Exercise:
Could you set down exactly the lines in the records below between the line holding "ハワイのフラダンサーの女性が草のスカートで踊っているイラスト のベクター画像素材 ロイヤリティフリー" and the line holding "Art Week Party", inclusive?

Records shown:
Start of Block

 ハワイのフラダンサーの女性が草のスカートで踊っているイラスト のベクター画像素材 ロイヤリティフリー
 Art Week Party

End of Block
Start of Block

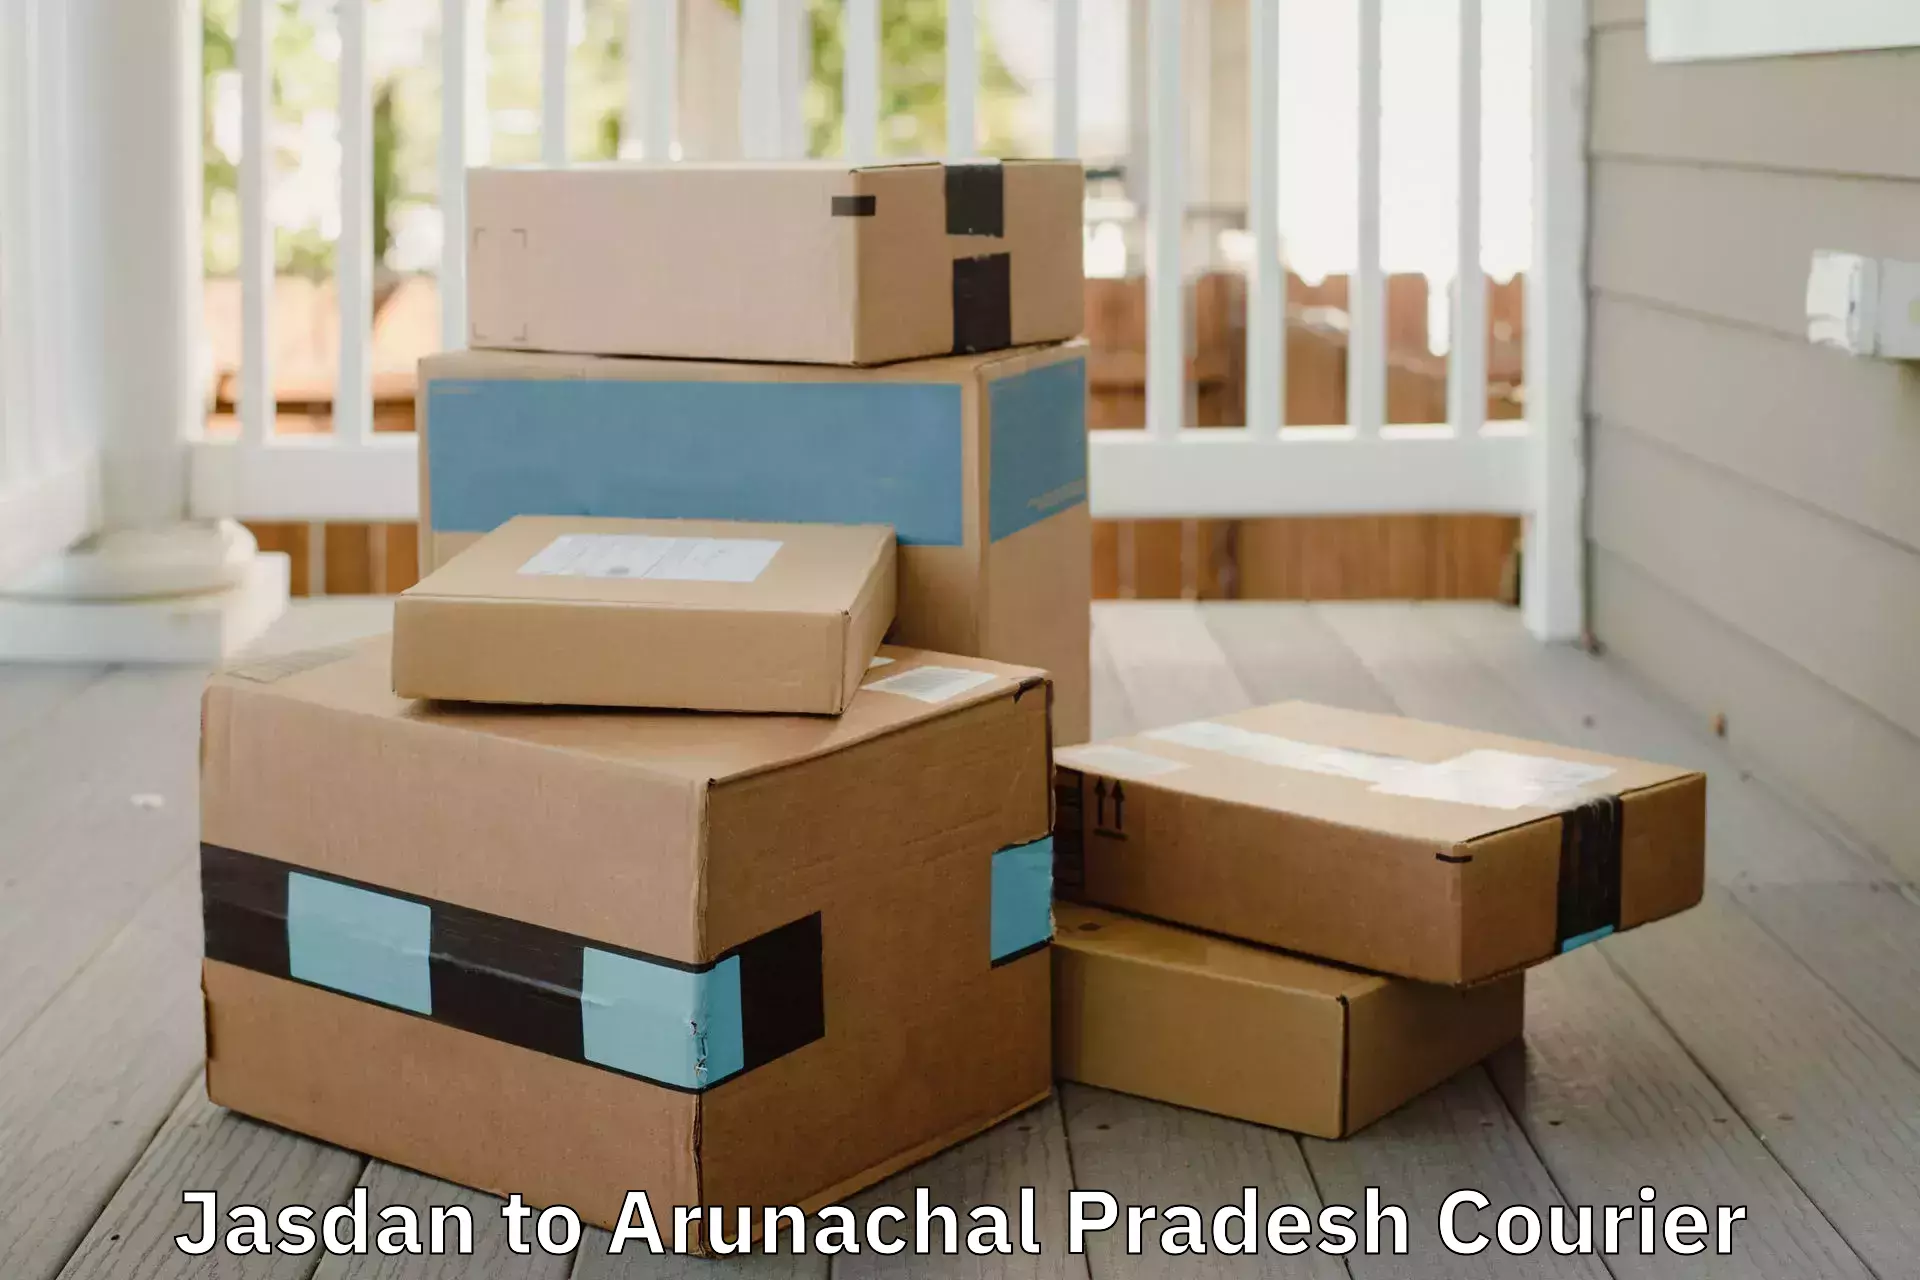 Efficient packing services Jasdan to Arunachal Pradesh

End of Block

Solution for this task:
 ハワイのフラダンサーの女性が草のスカートで踊っているイラスト のベクター画像素材 ロイヤリティフリー
 Art Week Party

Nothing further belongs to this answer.